Esperando… a la taza del váter.

—¿Quién es Psique? —preguntó Eloise después de concluir la lectura.

—Fue una divinidad griega, tiene un mito interesante, ¿quieres oírlo?

—Por supuesto, ¡cuenta!

—Psique era la hija más pequeña y bella de un rey; Afrodita —que era muy envidiosa—, envió a su hijo Eros a lanzarle una flecha para que se enamorase del hombre más feo y cruel. Pero cuando la vio, Eros se enamoró de ella y la llevó a su palacio; allí solo la veía de noche —ya que no quería que se enamorase de su belleza—. Psique era muy feliz y estaba muy enamorada, pero… sus celosas hermanas creían que su marido era un monstruo y por eso no dejaba que la viese; así que instigaron a la ingenua Psique a que descubriera su rostro. Eros se despertó con una gota de aceite —en aquella época no había ni lámparas de gas, ni móviles con linterna tenue— y defraudado con su esposa decidió abandonarla. Psique estaba muy triste, tanto por hacer caso a sus hermanas como por haber decepcionado a su marido, y con esta escena en marcha, Psique habla con Afrodita para que la ayude —la misma que quiso su desgracia—. Y la diosa del amor le propone cuatro tareas imposibles para un mortal, las cuales, dejando la obviedad de lado, cumple Psique con ayuda, y de ese modo Zeus le hizo inmortal y recuperó a su amado.

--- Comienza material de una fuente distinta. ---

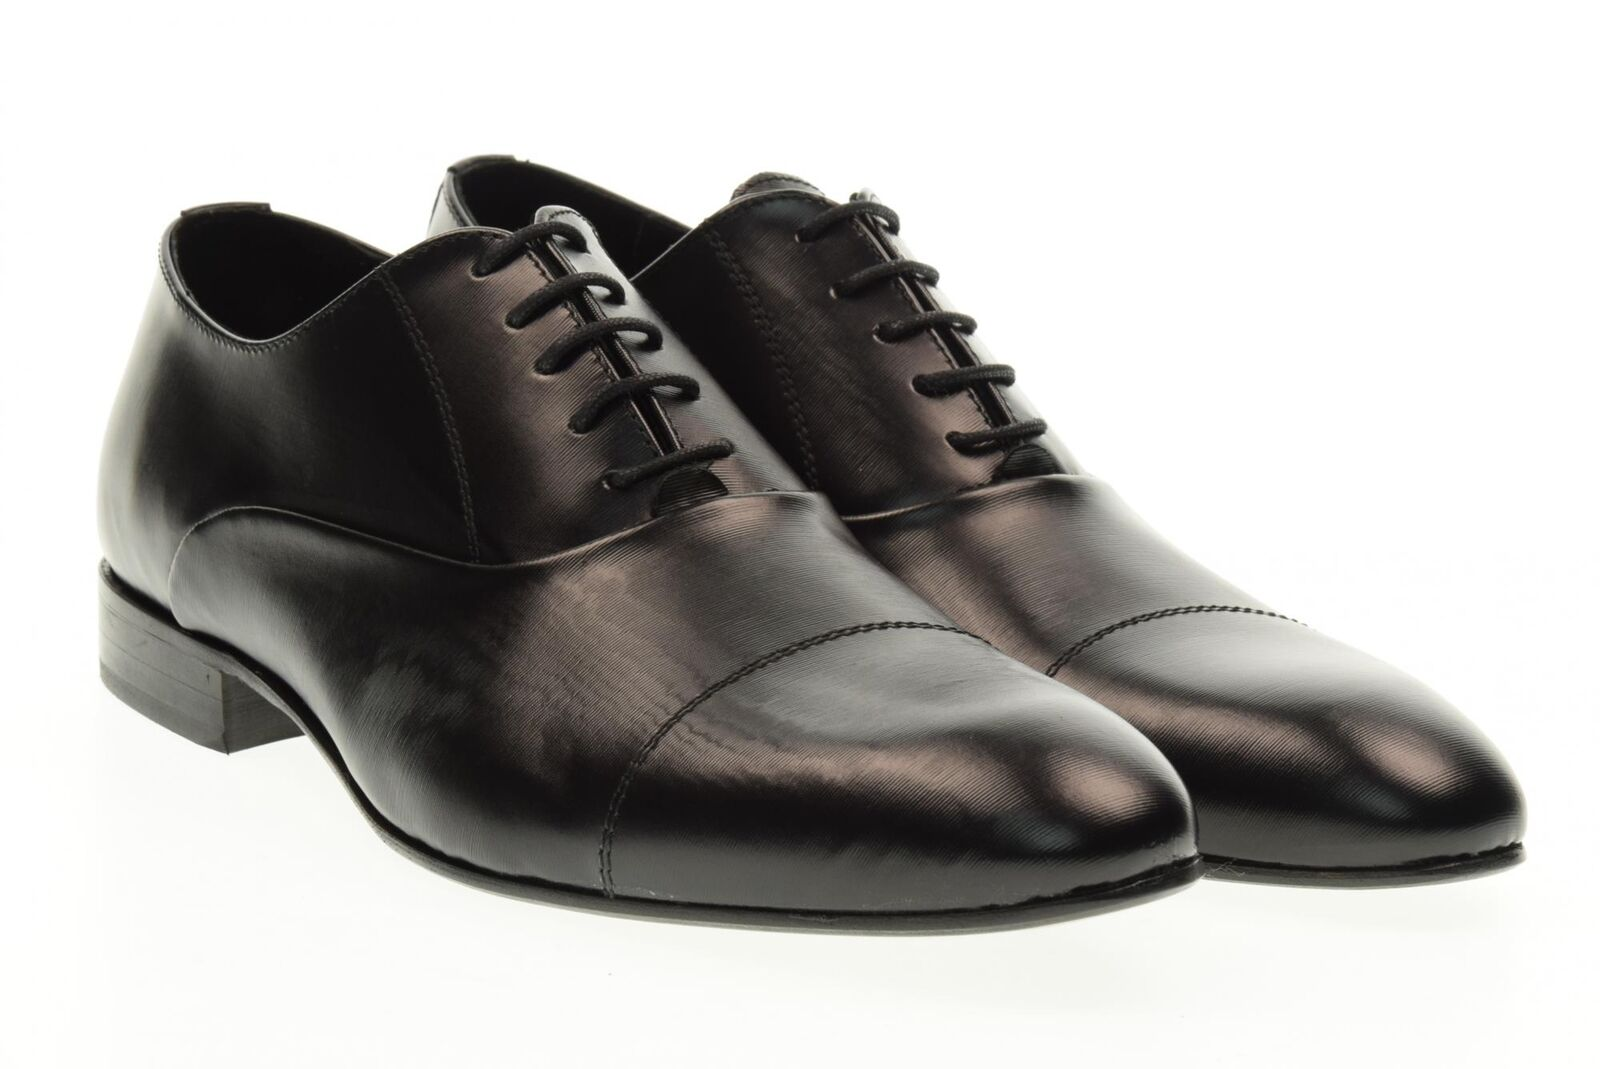 Eveet P17f zapatos homme dentelle 16514

—Qué historia más bonita. Me gustan los mitos griegos. —Eloise parpadeó unos segundos—. Pero… ¿Tú has entendido la historia?, o sea, ¿qué tiene que ver Psique con una taza del retrete? —preguntó Eloise con evidente esfuerzo por pensar en ello.

—Yo creo que intenta enlazar el amor que siente por una persona, con el objeto de una taza del váter. Y lo de Psique… pues supongo que significa que se encuentra en la situación anterior justo antes de colocarle la luz en su cara. Un momento tenso, en resumen —respondió Vanina.

—Sí, eso tiene sentido. La verdad es que yo no encontraba la lógica por ninguna parte —confesó Eloise con ciertos remordimientos por ser tan inculta.

—Lee uno más, por favor. El último, ¡prometido! Porque si no, vamos a llegar tarde a hacer puenting —suplicó Vanina, quien continuaba como… congelada por las historias.

Galileo-Galilei no tenía razón, la tierra no es redonda, es un puto paraguas.

Lo supe en cuanto lo vi por televisión. Todos los medios informativos gritaban como lunáticos.

Desde que lo descubrieron en un viaje al espacio, el planeta ha cambiado. El saber nos ha hecho más débiles, más pequeños, más invisibles.

Ahora el Gobierno nos ha impuesto unos paraguas a cada ciudadano de la Tierra y según la legislación tenemos que sujetarlo hasta que nuestra vida se acabe. Nadie puso objeción alguna. Todos teníamos miedo del cambio de forma de la Tierra.

Hasta cambiaron el símbolo del cristianismo por un paraguas…

Al principio fue divertido. Cada uno lo llevábamos de un color, lo combinábamos con nuestro estilo… era una especie de complemento adicional. Pero ahora no. Ahora, todo es menos divertido.

Nadie leyó la letra pequeña de la legislación impuesta. Todos los paraguas tenían una tecnología nunca vista y de la que nos dimos cuenta demasiado tarde… nos pesaba. El paraguas nos pesaba.

Prejuicios, problemas, cargas, dolores… el peso que tienes a lo largo de tu vida se quedaba allí, en el paraguas. Y cada vez, pesaba más.

Salías a la calle y los veías cabizbajos, con la mirada perdida; notabas el peso de cada uno. Sentirías lástima de ellos, si no tuvieras que soportar tu propio peso.

Y así pasaron los años, la gente moría aplastada por sus propios paraguas.

Hasta que un soleado día un joven huérfano —algo muy normal en la época— decidió tirarlo, y así, tal era el peso que había soportado, que su brazo se desprendió del resto del cuerpo. Cayó justo al lado de donde estaba situado su paraguas y continuó andando sin el brazo como si nada hubiese ocurrido.

—Este relato me ha encantado. Parece que refleja a la perfección nuestra sociedad actual, ¿no te parece? —Vanina no dejaba de mirar el reloj de su muñeca.

—¿Cuándo escribieron este libro? —preguntó Eloise.

—Mmmm… no sé, ¿no está la fecha en las primeras páginas?—No aparece ni el autor ni el año. Qué extraño, ¿no? —dijo Eloise con curiosidad.

—Pues la verdad es que sí. Es muy raro. En fin, vamos a cambiarnos que tenemos que hacer puenting, señorita —dijo Vanina saltando del banco como un pequeño canguro, para ponerse en marcha cuanto antes.